**RECORD EXCERPTS**
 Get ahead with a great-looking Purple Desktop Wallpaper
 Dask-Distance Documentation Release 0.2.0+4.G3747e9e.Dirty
* * *
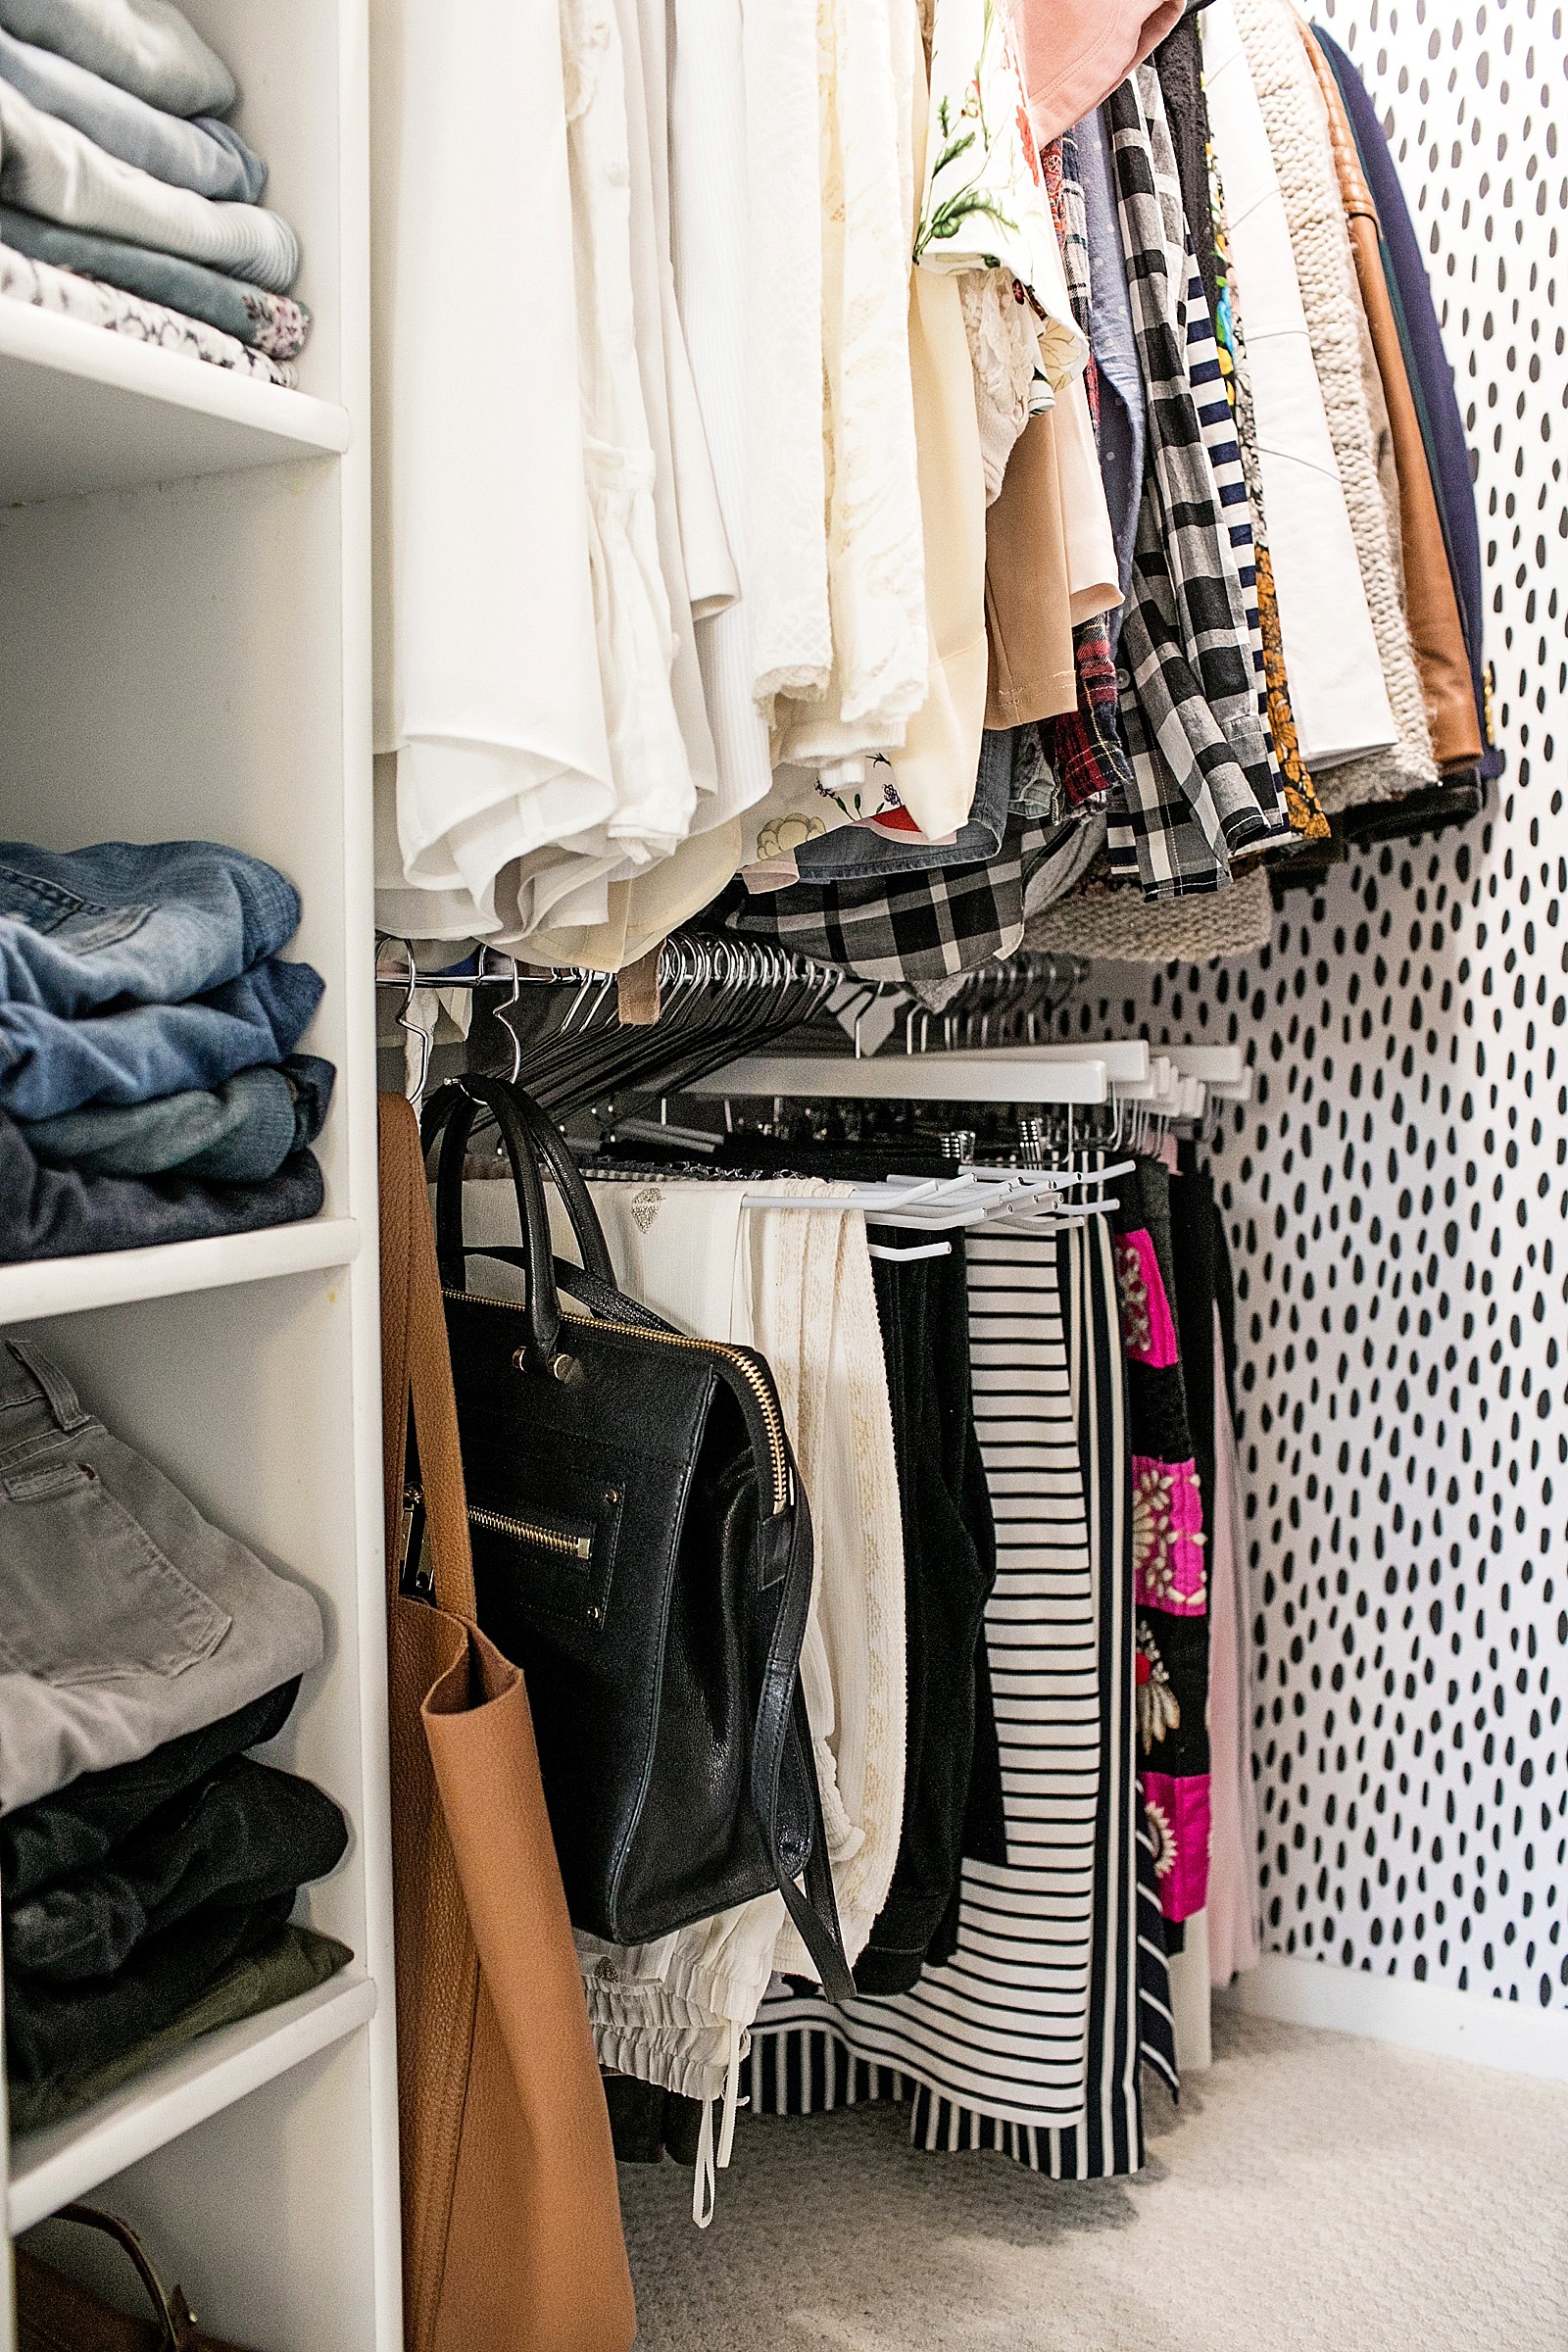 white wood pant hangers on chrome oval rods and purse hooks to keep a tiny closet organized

**EXERCISE DIRECTIONS**
Set down only the lines above that fall between the line holding "Get ahead with" and the line holding "Dask-Distance Documentation Release", inclusive, keeping each exact.

**PROBLEM SOLUTION**
 Get ahead with a great-looking Purple Desktop Wallpaper
 Dask-Distance Documentation Release 0.2.0+4.G3747e9e.Dirty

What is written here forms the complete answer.